* **WHAT TO PRODUCE**
Below are entries. Give back exactly the lines from the one containing "imprimante multifonction Lexmark XS544dn" through the one containing "B22 (Reference Beta", inclusive, without the pictures.

* **SUPPLIED INFORMATION**
══════════════════════════════
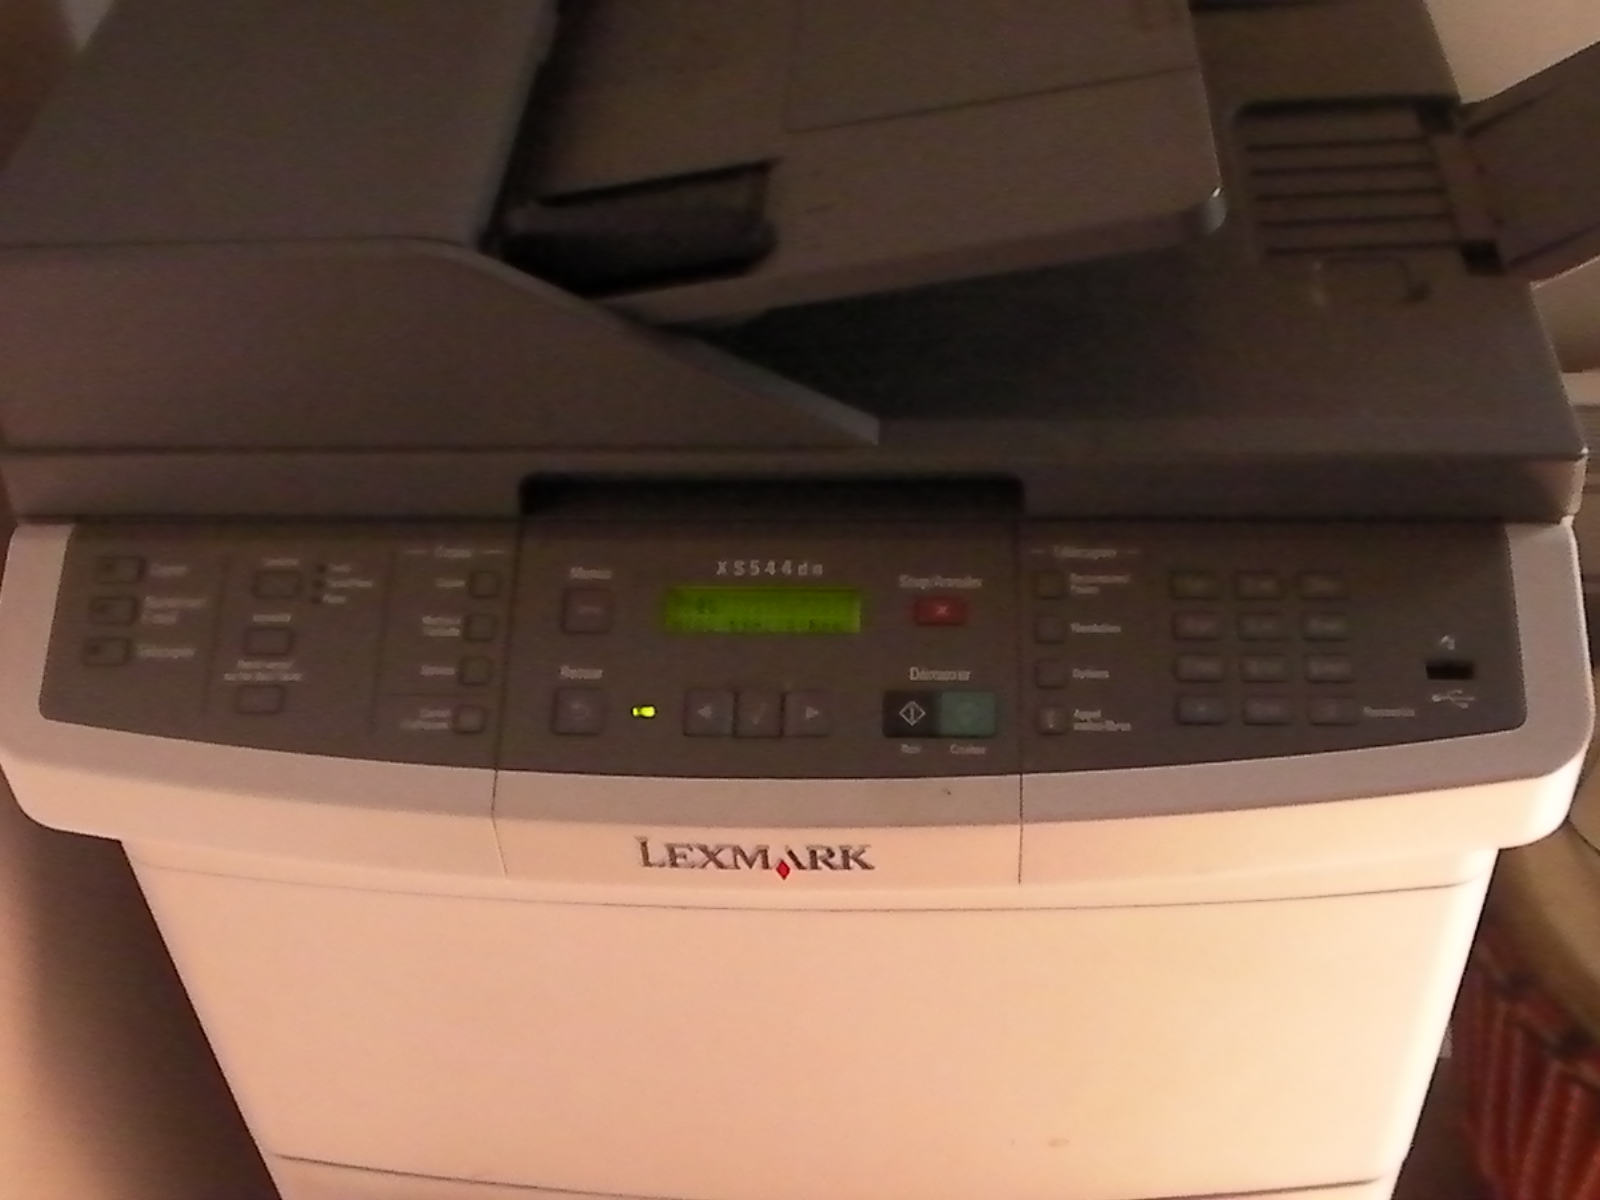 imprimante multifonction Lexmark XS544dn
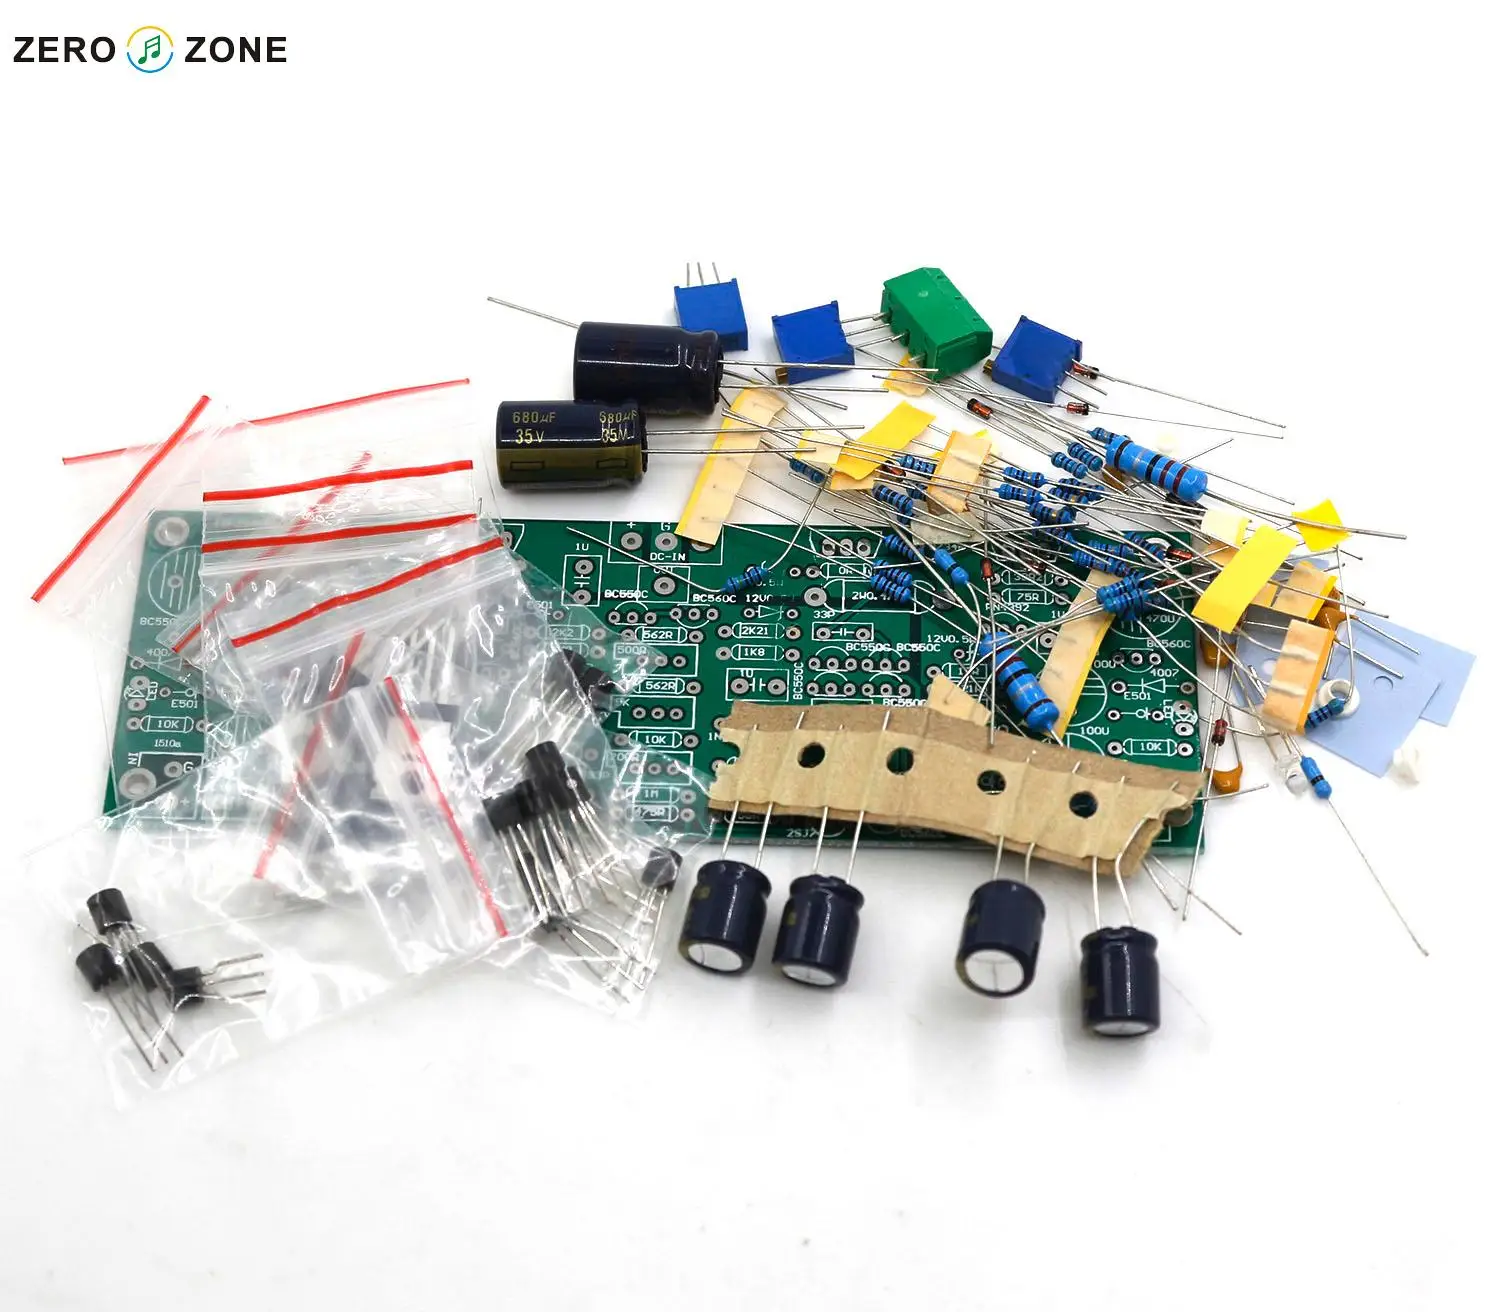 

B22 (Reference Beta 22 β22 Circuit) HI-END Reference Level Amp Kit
══════════════════════════════
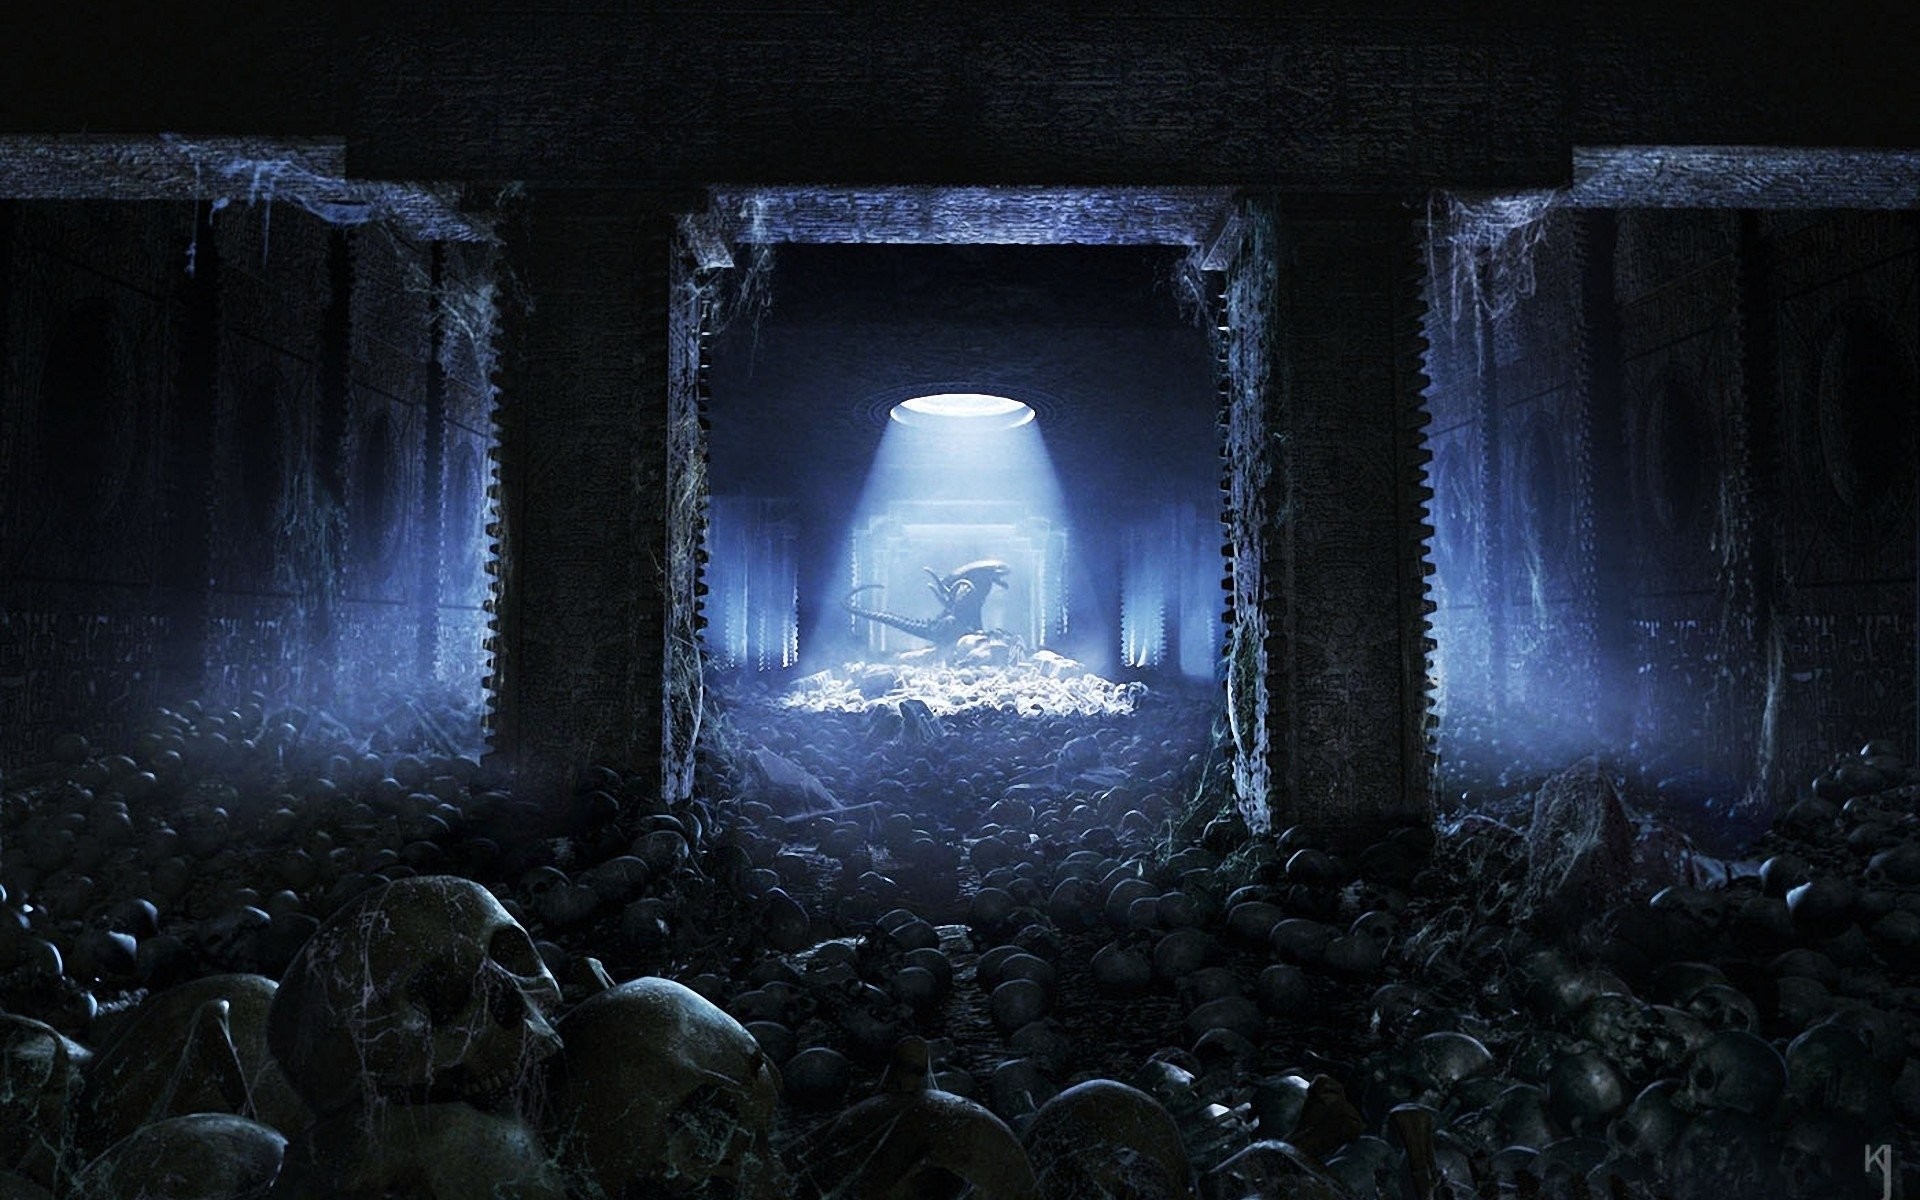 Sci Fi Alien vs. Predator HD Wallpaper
══════════════════════════════
* **RESPONSE TO THIS TASK**
 imprimante multifonction Lexmark XS544dn

B22 (Reference Beta 22 β22 Circuit) HI-END Reference Level Amp Kit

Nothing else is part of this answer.